I don't have a power awning, but on the manual awning, the screws are loose when opening and closing, and tight when open to keep the awning taunt.

Have you tried lubing the slides to see if it opens/closed better? A shot of WD-40 couldn't hurt... Just don't spray it on the motor.


----------



## duggy (Mar 17, 2010)

Greg said:


> Our power awning works fine. The only unusual thing it ever does, is sometimes it makes a loud clunk when the arms nest together.
> 
> It sounds like something may be binding or too tight, causing the motor to labor and the awning to open in a "downward position". This may be a silly question but, are your thumbscrews loosened?

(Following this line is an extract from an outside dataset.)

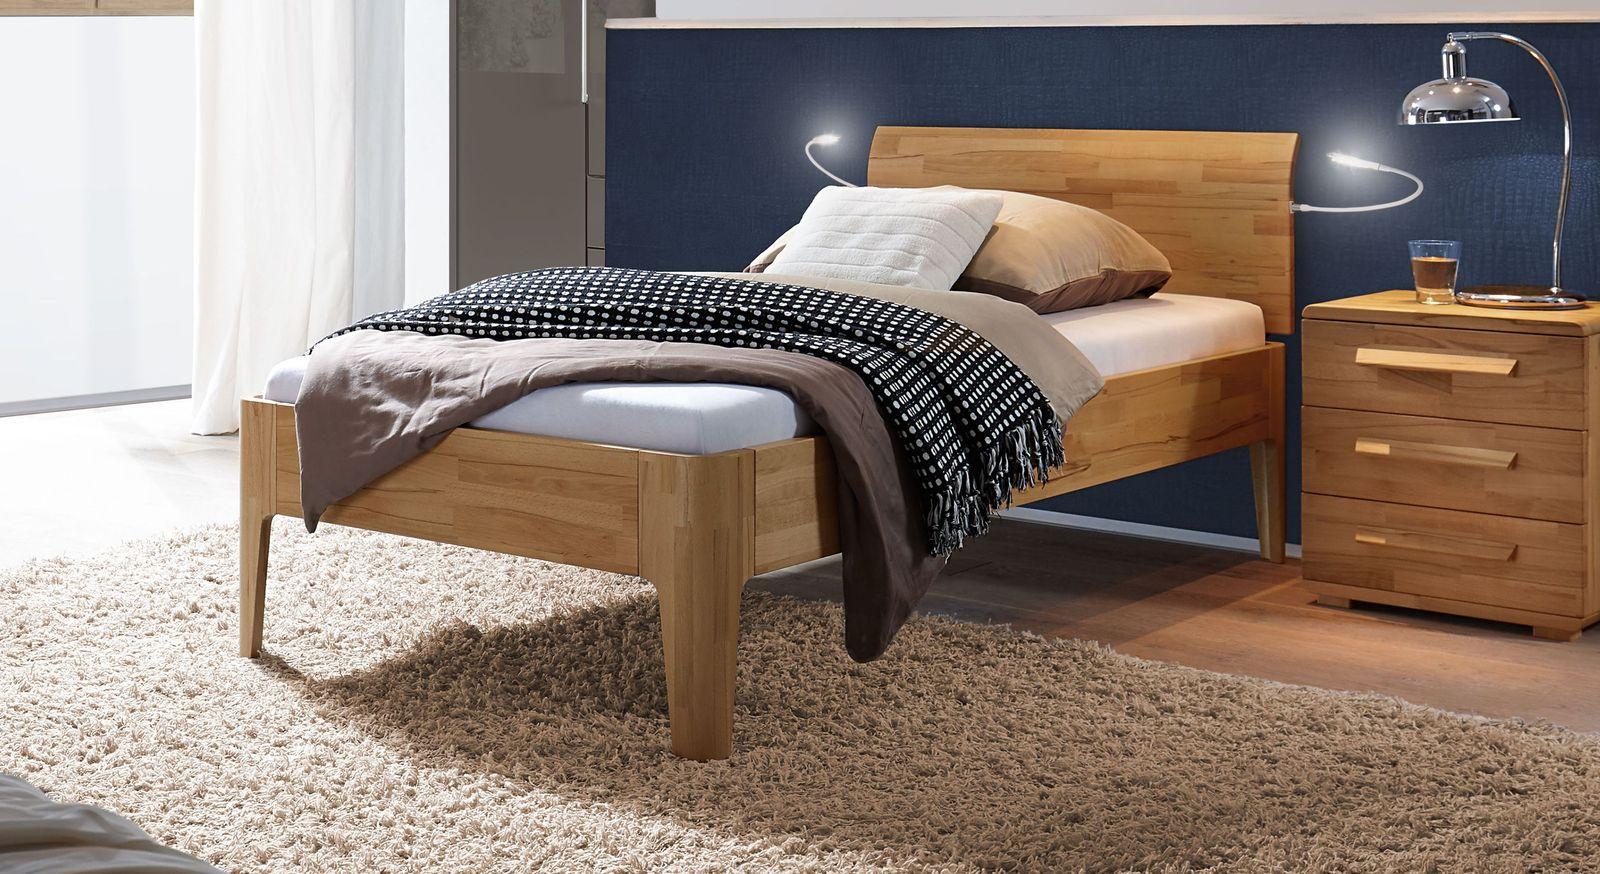 Komfort-Einzelbett Baleira aus massiver Kernbuche

 I've tried it with them loosend and with the arms up and the thumbscrews tightend doesn't seem to make a difference on how hard the motor labors, the only difference was that when they were loose the side closest to the front came out in the down position. That is the side they just put the new arm on. Are the srews supposed to be tight or loose when you roll it up? Sorry for the lack of Knowledge this is our first camper and only had it for a year.
[/quote]

Try pulling downward at the joint on the bottom arm. There should be some resistance from the gas shock, but no binding or scraping sounds. See if they both seem similar.

I leave the thumbscrews loose. I think they could be tight in the fully extended position, but it would be bad news if they were tight with the arms drawn in. I figure it's safer to just make sure they're loose.


----------



## Greg (Nov 12, 2009)

Turned out to need a motor and a circuit board they said it had 12 volts going in but only 6 volts coming out of board.


----------



## Dub (Dec 8, 2008)

I noticed when we wrapped up the season that mine is starting to do the same thing as yours. It's out of warranty now so I'll check the voltage on mine. I was always curious what happens if you leave the thumb screws tightened in an extended position when you roll it up? Does it still roll up?

While it was under warranty it made the loud clunk/snap when shutting when the arms would touch the brackets on the side of the camper. Turns out that the awning was slightly crooked and when it rolled up it would pull the arms in one direction and cause slight binding which caused the loud sound. Dealer adjusted and that went away.


----------